■ Work instructions: Type out the data exactly as given. Skip any image.
*** Supplied material ***
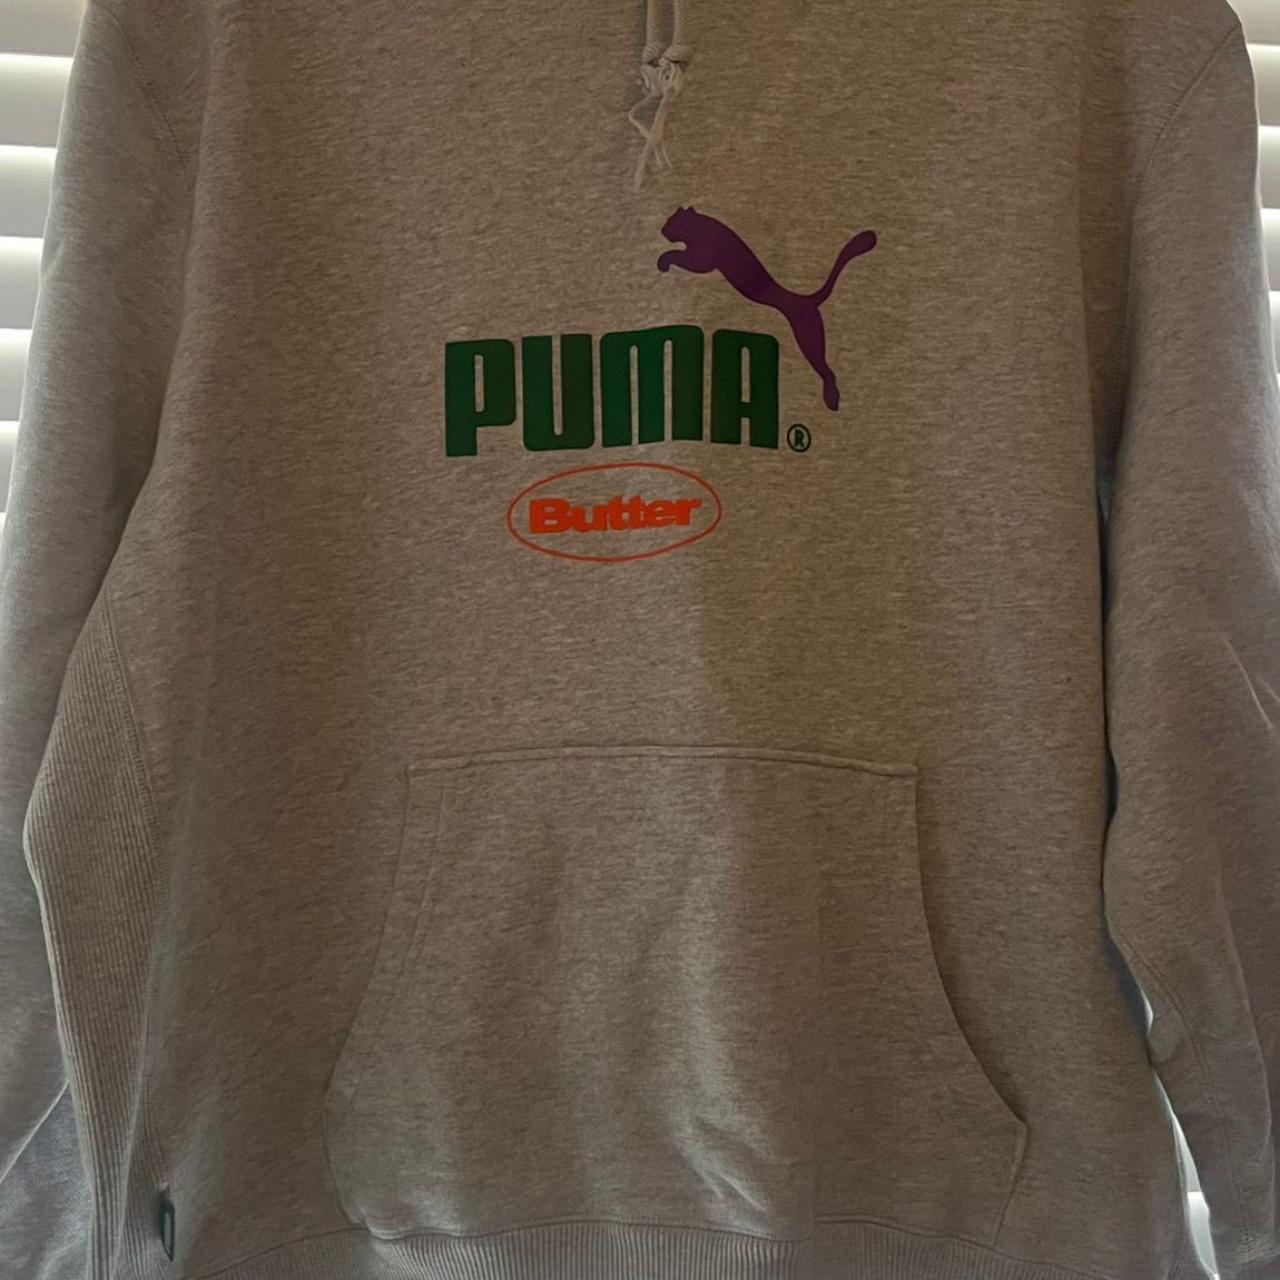 Puma x Butter Goods collab hoodie Nice weight and... - Depop
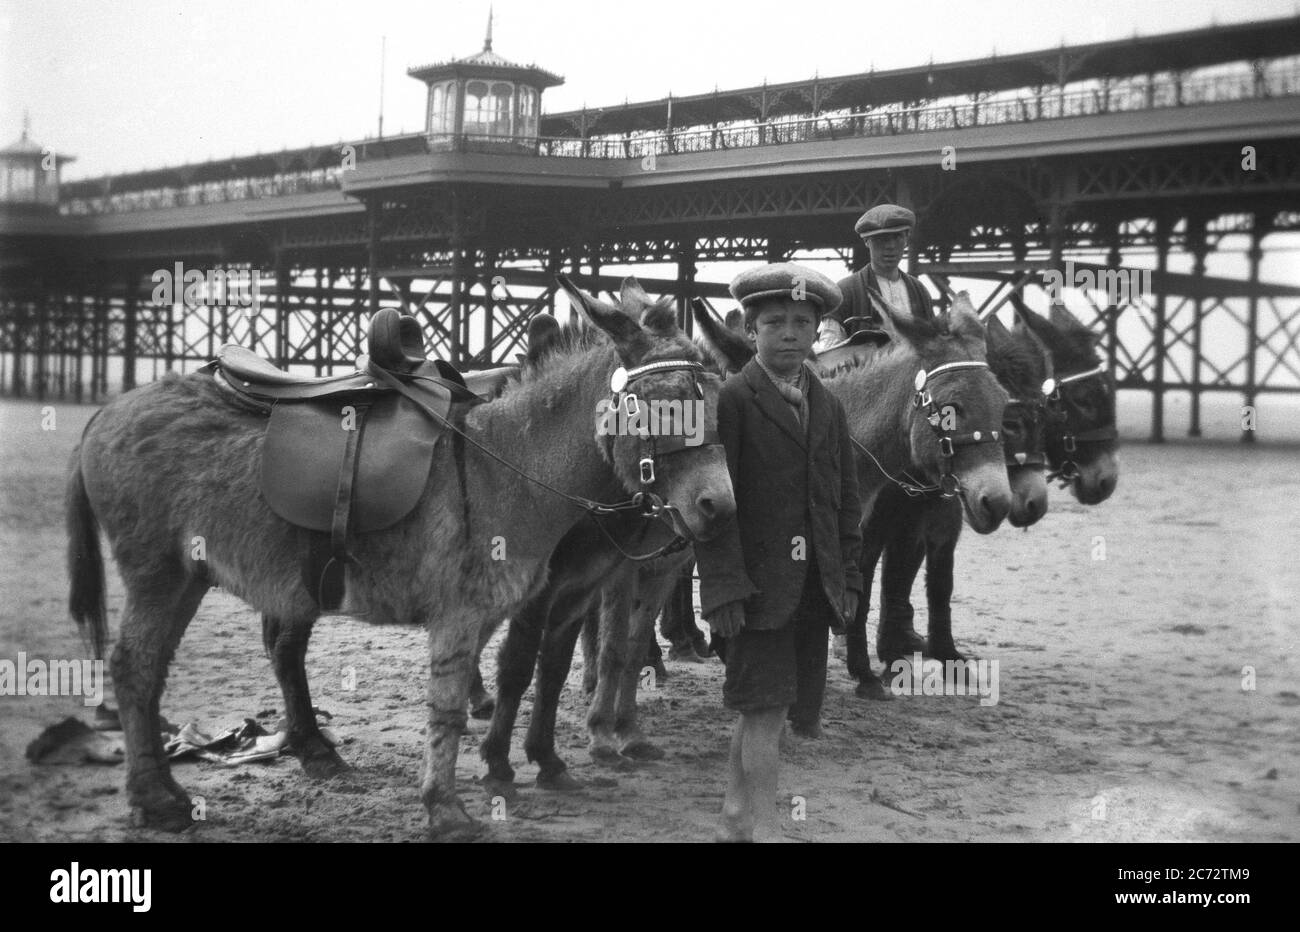 1920s, historical, on a sandy beach, below a large covered victorian pier, a young boy and young man, both wearing cloth caps, standiing with their donkeys, waiting for customers, England, UK. Riding on a donkey was a traditional activity for children at seaside resorts across Britain in this era. Stock Photo
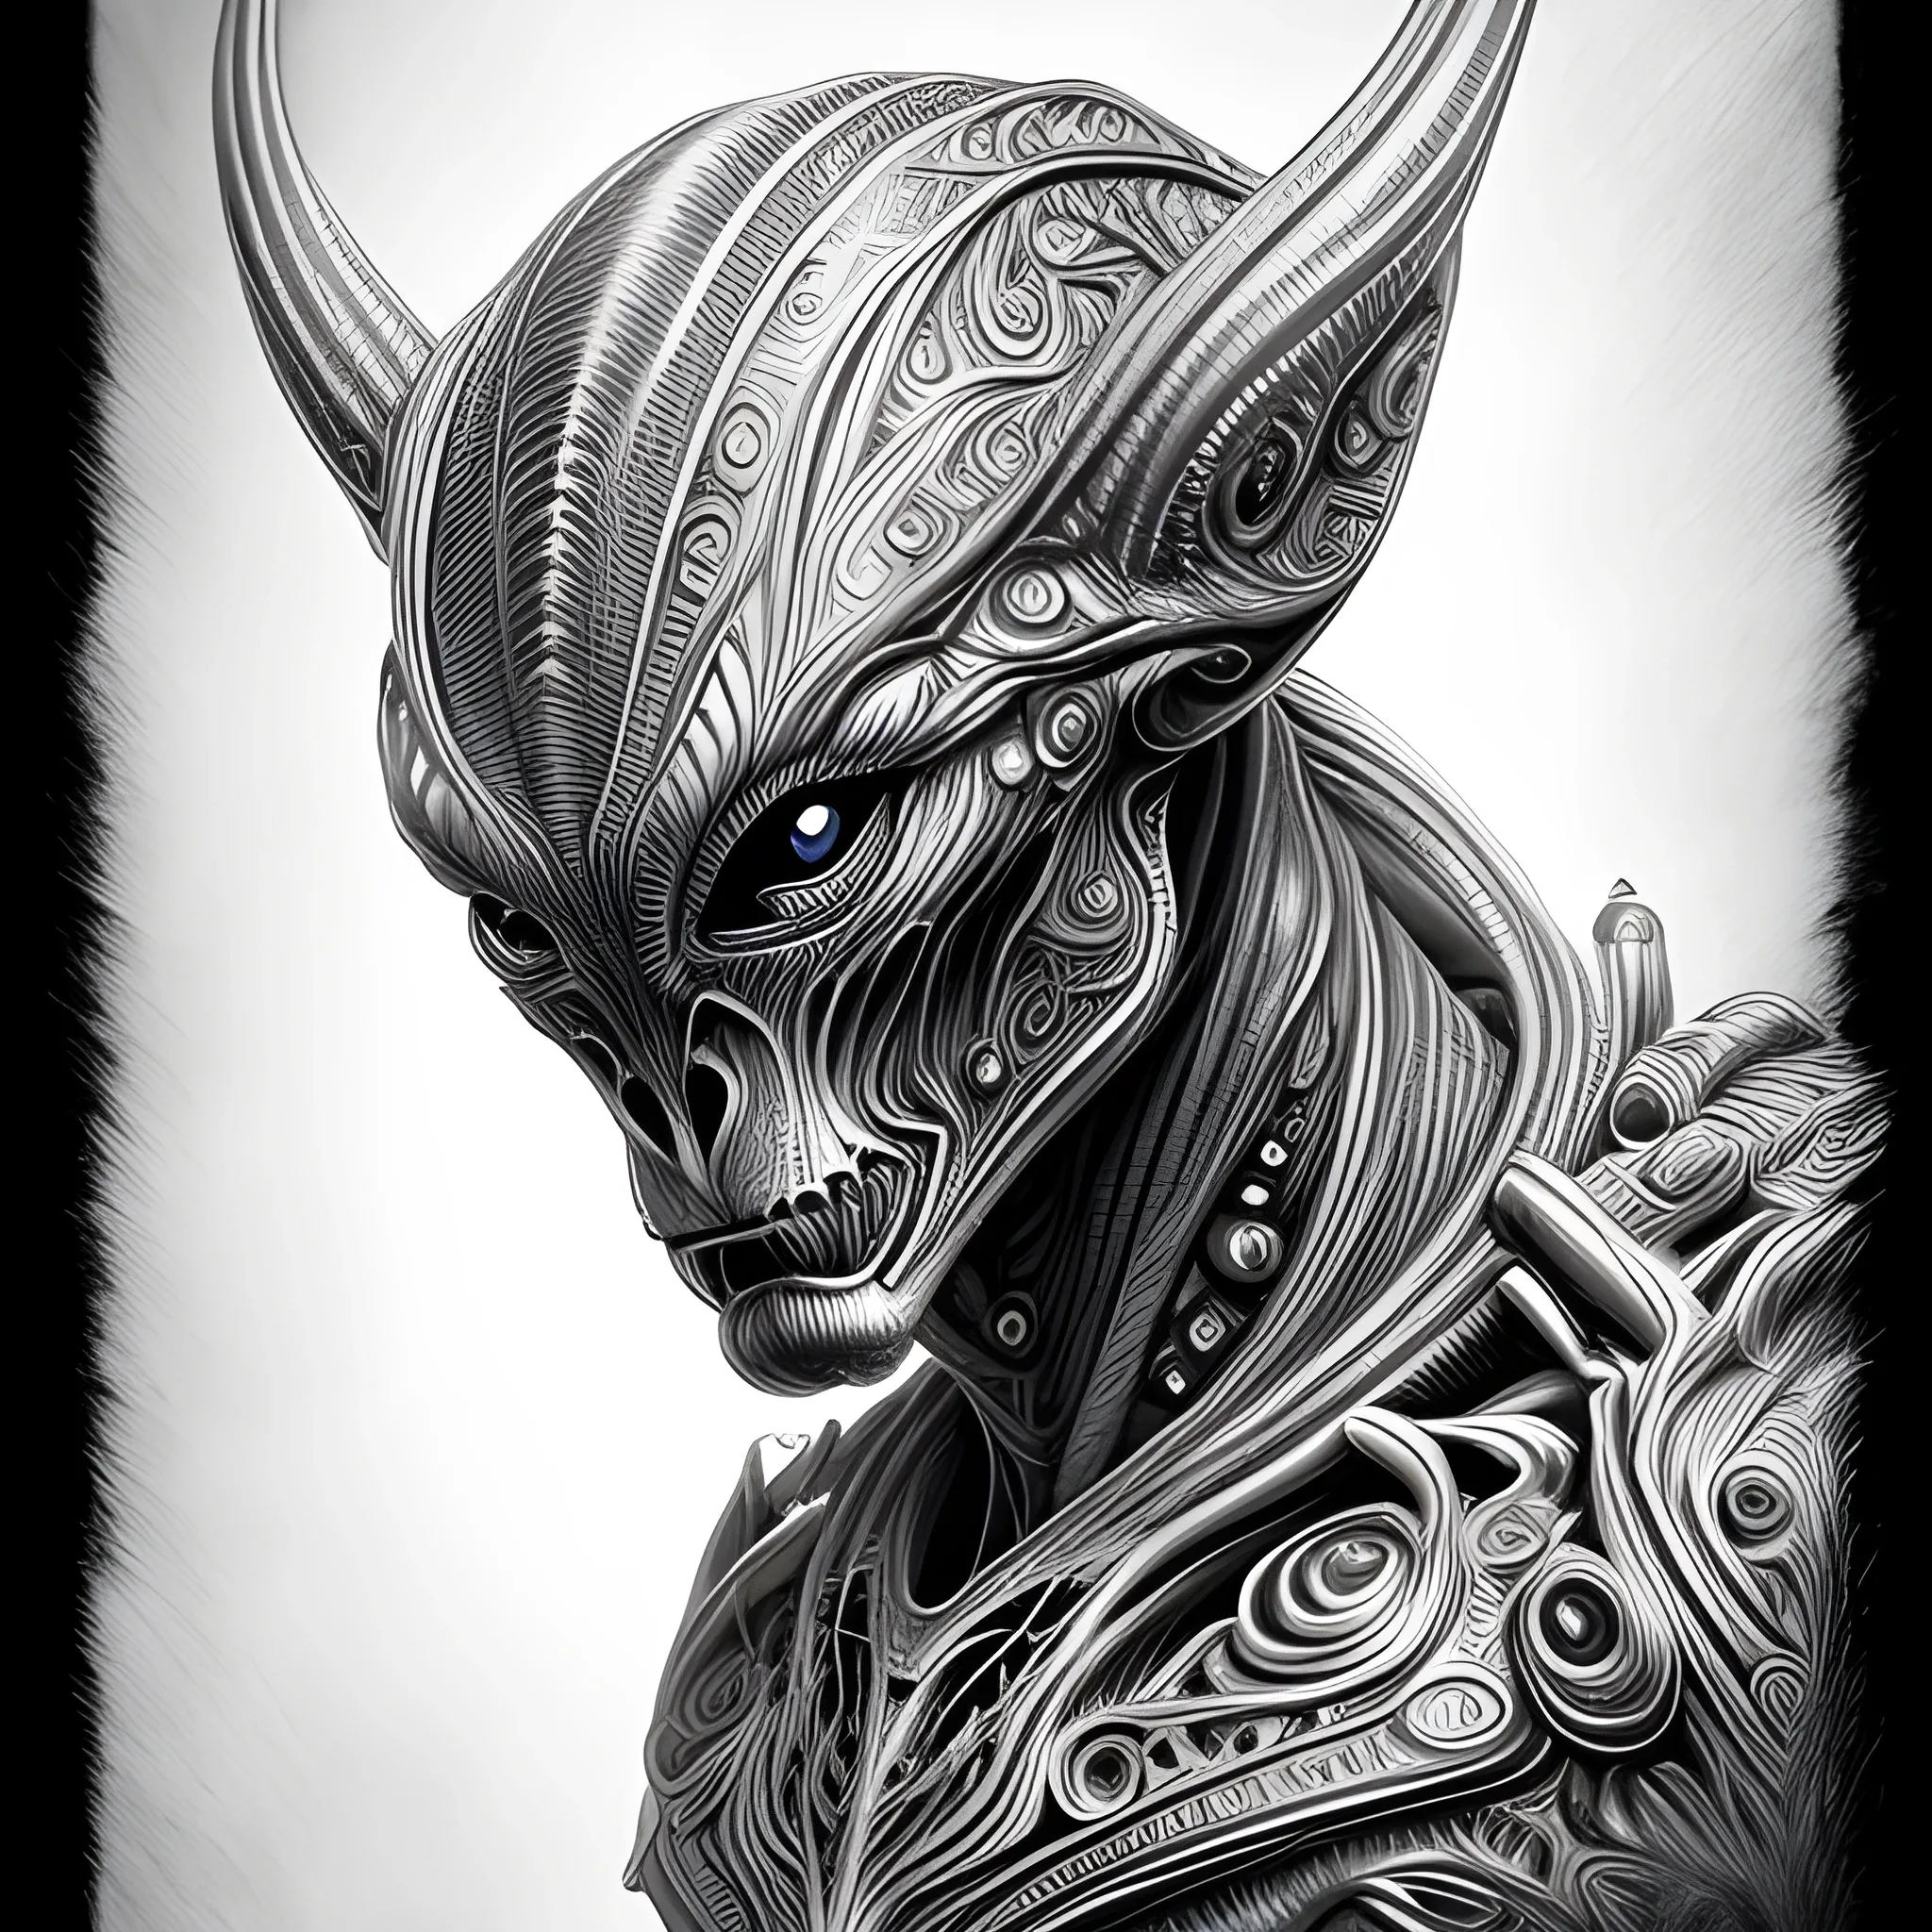 A detailed and intricate digital art piece in a cinematic style, this ultra high resolution portrait of a powerful alien beast is a true masterpiece, Pencil Sketch
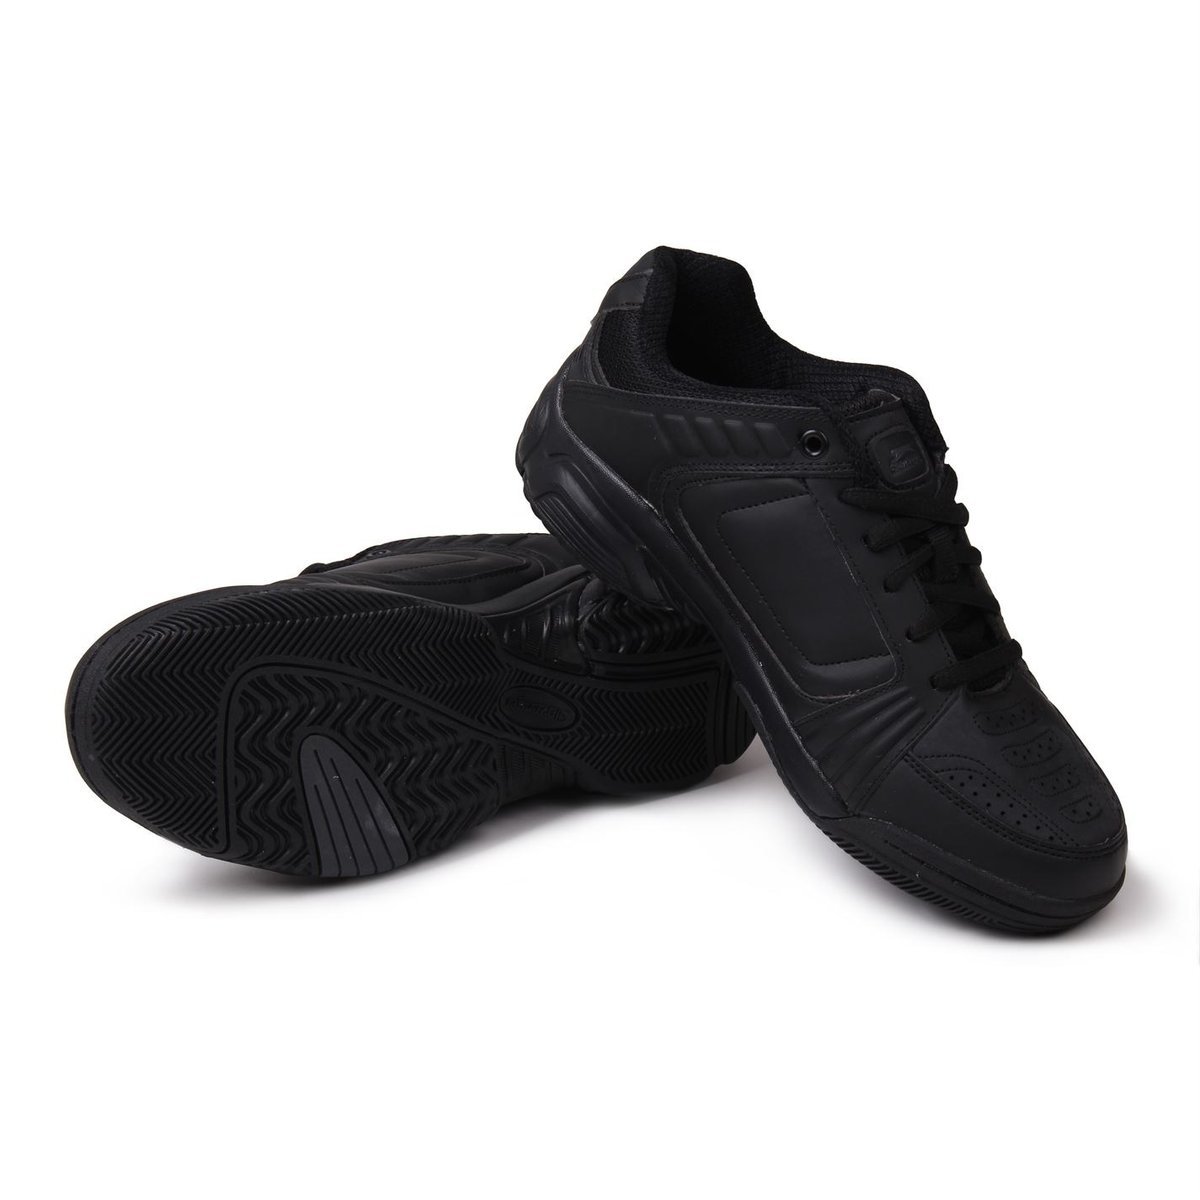 Slazenger | Mens Tennis Shoes | Low Trainers | House of Fraser
***
■ Answer below:
 Puma x Butter Goods collab hoodie Nice weight and... - Depop
 1920s, historical, on a sandy beach, below a large covered victorian pier, a young boy and young man, both wearing cloth caps, standiing with their donkeys, waiting for customers, England, UK. Riding on a donkey was a traditional activity for children at seaside resorts across Britain in this era. Stock Photo
 A detailed and intricate digital art piece in a cinematic style, this ultra high resolution portrait of a powerful alien beast is a true masterpiece, Pencil Sketch
 Slazenger | Mens Tennis Shoes | Low Trainers | House of Fraser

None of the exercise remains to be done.